3. Active curation. Editors could be chosen for each field (physics, biology, etc.) and actively promote one or two posts each day. That way readers would know that an expert has read all the posts on a topic and selected the most interesting or relevant. Advantages are that editors may be able to identify trends that more automated systems don’t catch, and that editors may be less swayed by the most popular blogs. Disadvantages include possible bias of editors, and variable editor quality. It would also require coming up with a system for selecting editors. Would a central person be in charge of that, or would we need to create some sort of a system for nominating/voting for editors?

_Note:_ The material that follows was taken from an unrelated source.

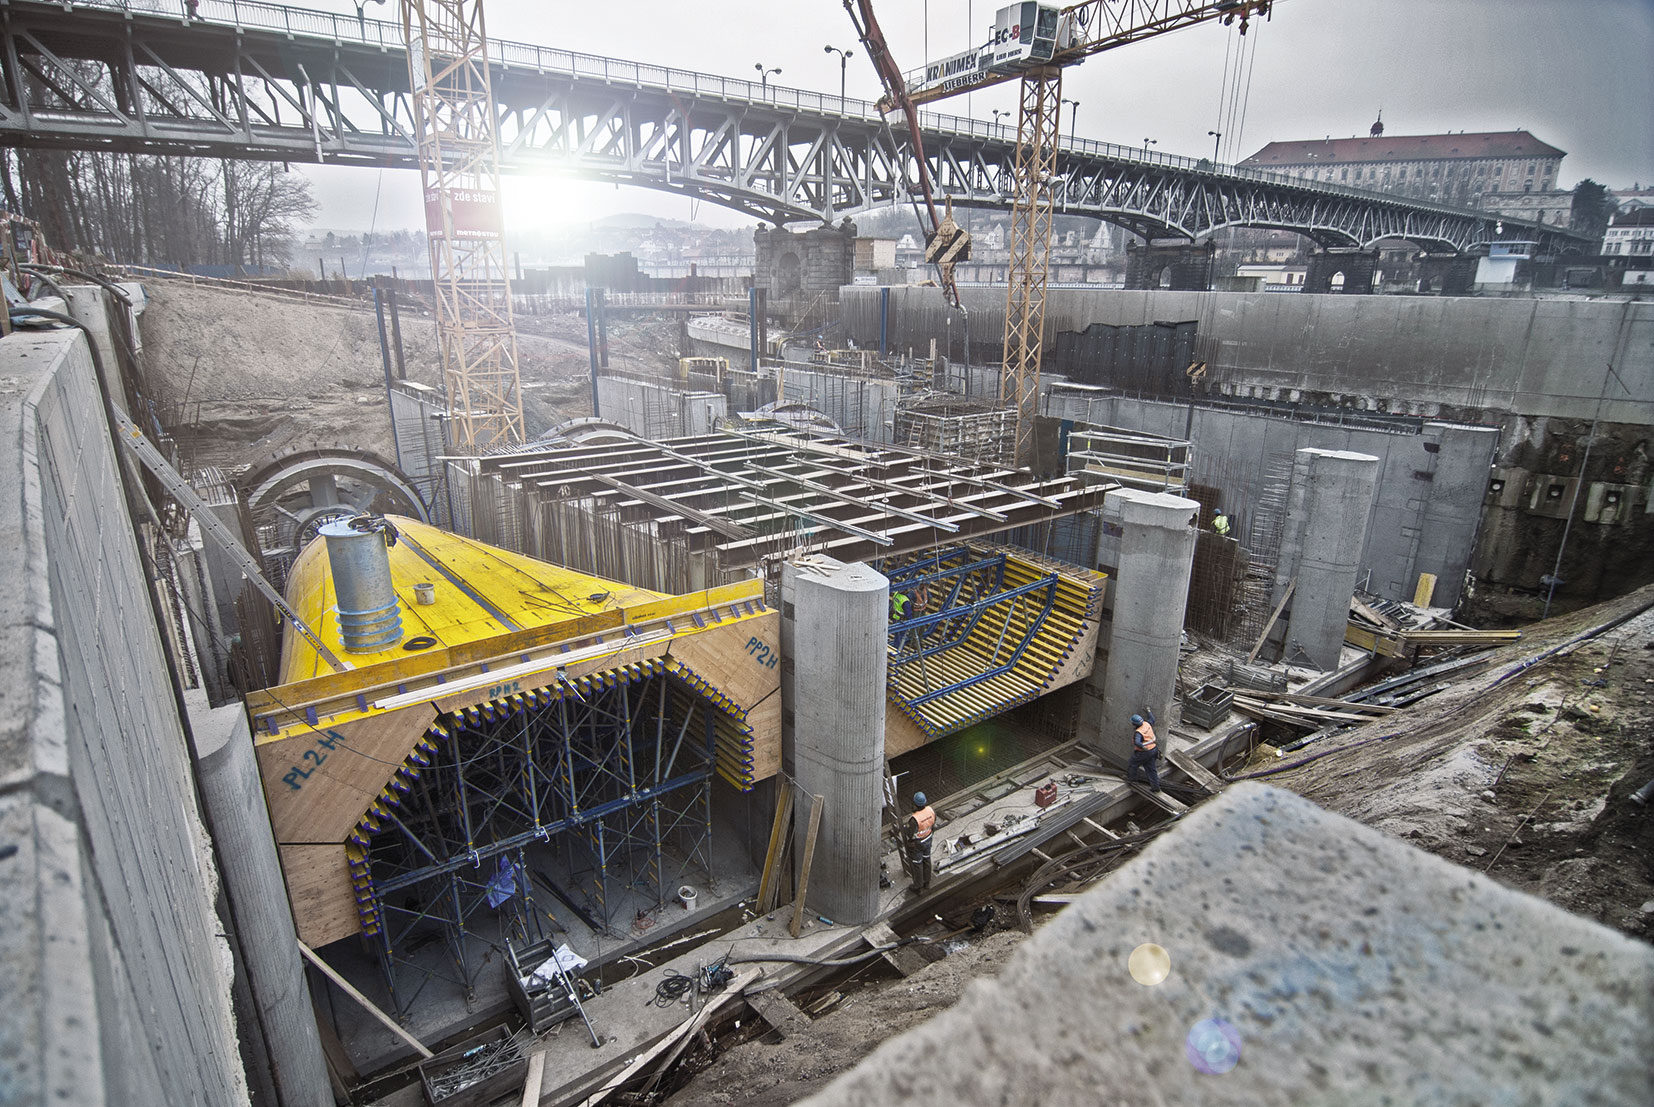 Zvláštní bednění pro betonáž vodní elektrárny v Roudnici nad Labem formovalo savky, jejichž tvar přechází z čtyřhranného vstupu do kruhového výstupu.

4. Social networking. We could create a truly social network where users are only shown the “likes” of their friends. However, this requires a significant programming effort, and people are reluctant to join new social networks when they already participate actively in one or more networks. I think we might be better off using the social features of other networks, rather than building our own. If we could make it really easy for people to post their “likes” to Twitter and Facebook, then we could leverage those networks to perform the social function.

There is, of course, no reason that we shouldn’t do all of these things over the long run. But we have limited resources. Which of these approaches is most useful? Are there any other approaches that would work better? Do you have any specific suggestions for how to implement any of these ideas? Let us know in the comments.